### TASK DESCRIPTION
Exactly the lines from the one containing "Rosehall Care Home, Shotts, North" through the one containing "8 Fanarts /" in the listing below are to be copied, with the pictures left out.

### RECORDS FOR THIS EXERCISE
%%

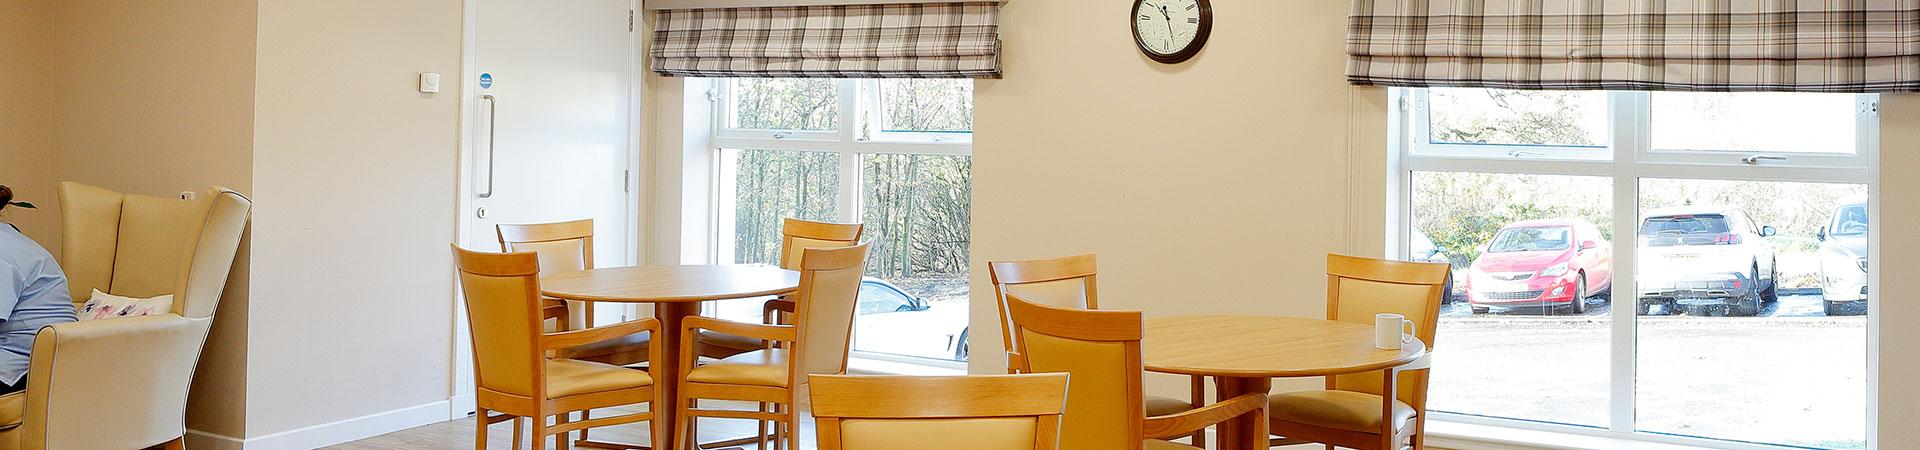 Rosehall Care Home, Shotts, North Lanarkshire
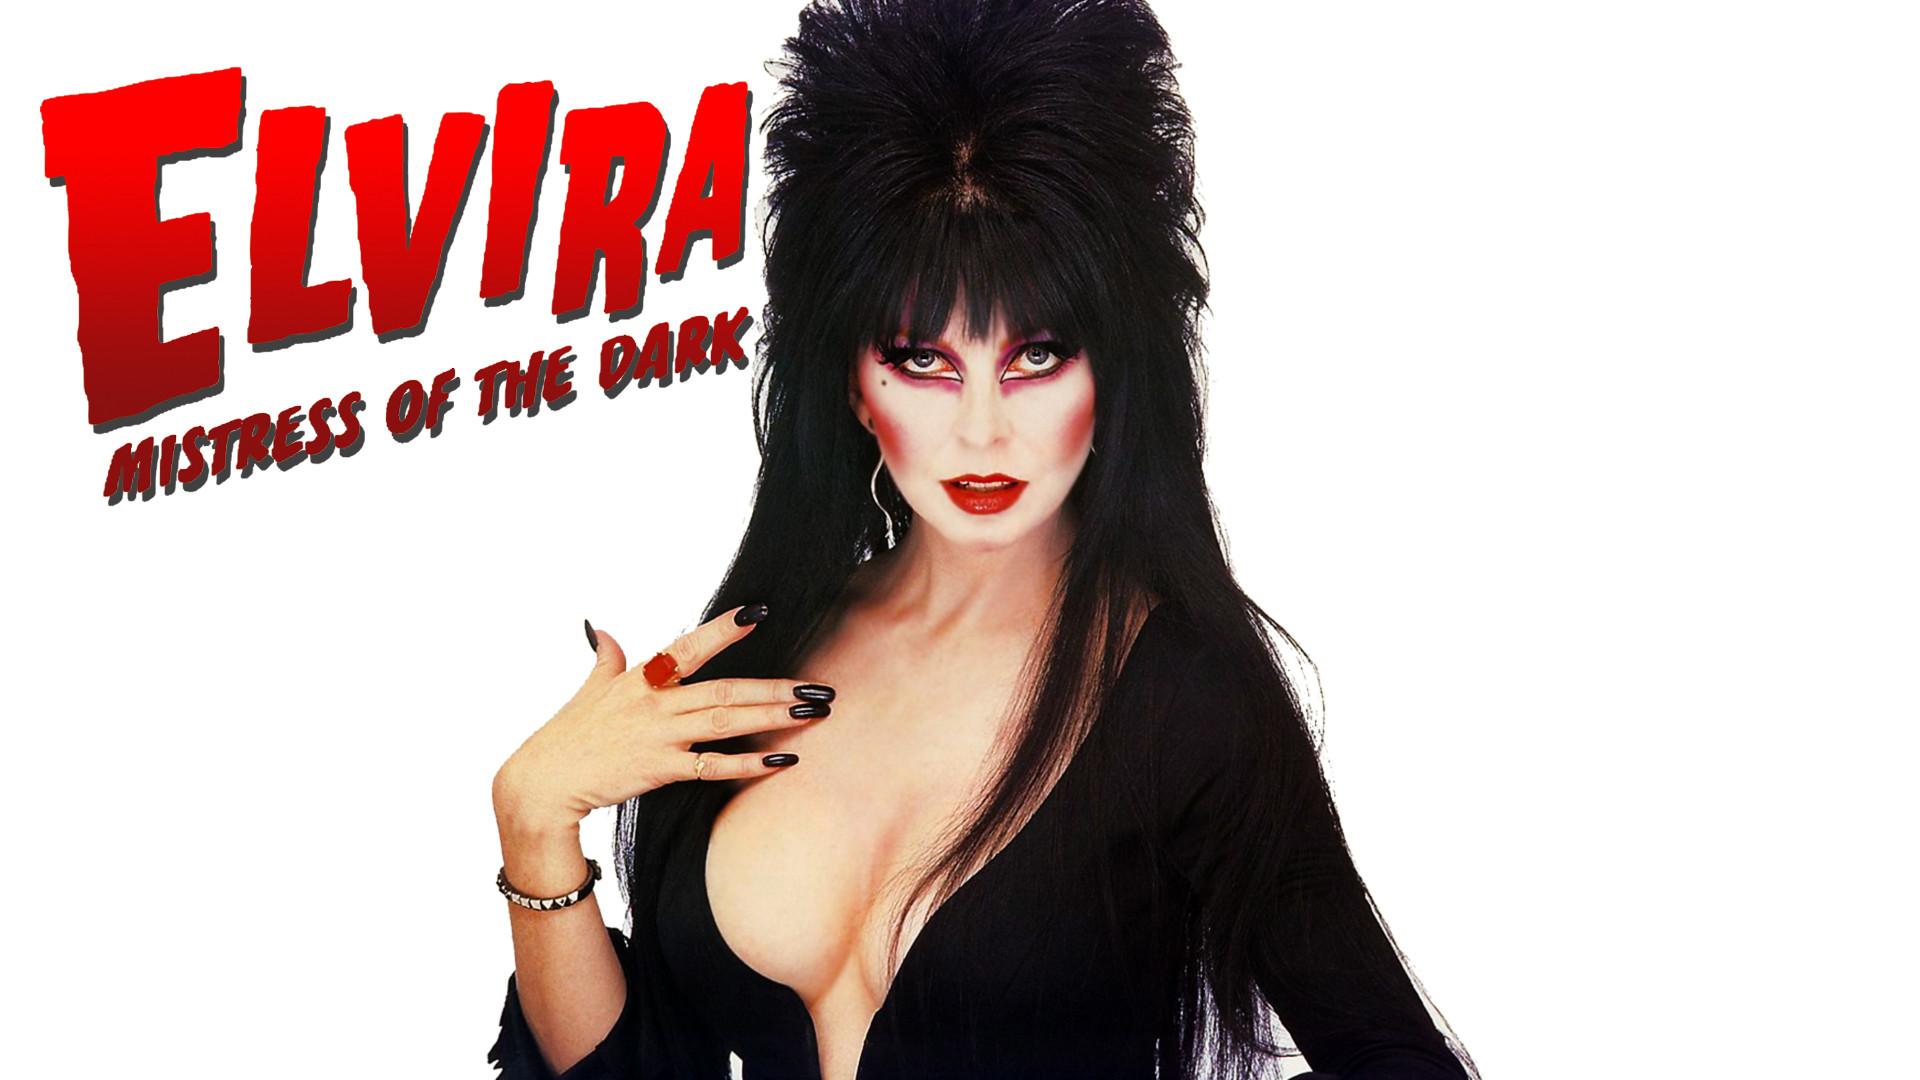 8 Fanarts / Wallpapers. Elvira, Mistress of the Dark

%%
%%

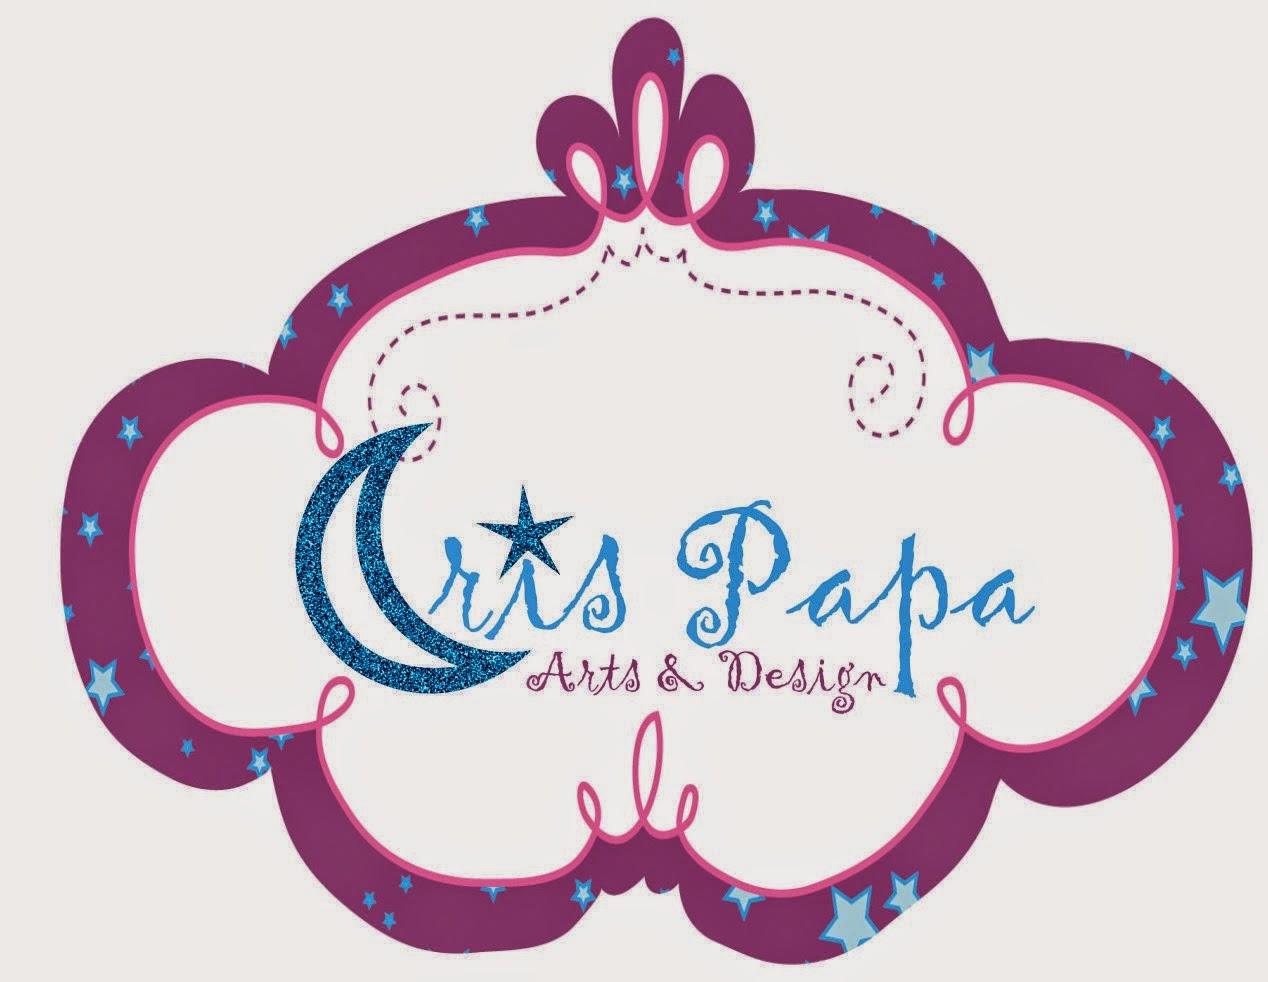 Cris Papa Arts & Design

%%

### COMPLETED EXERCISE
 Rosehall Care Home, Shotts, North Lanarkshire
 8 Fanarts / Wallpapers. Elvira, Mistress of the Dark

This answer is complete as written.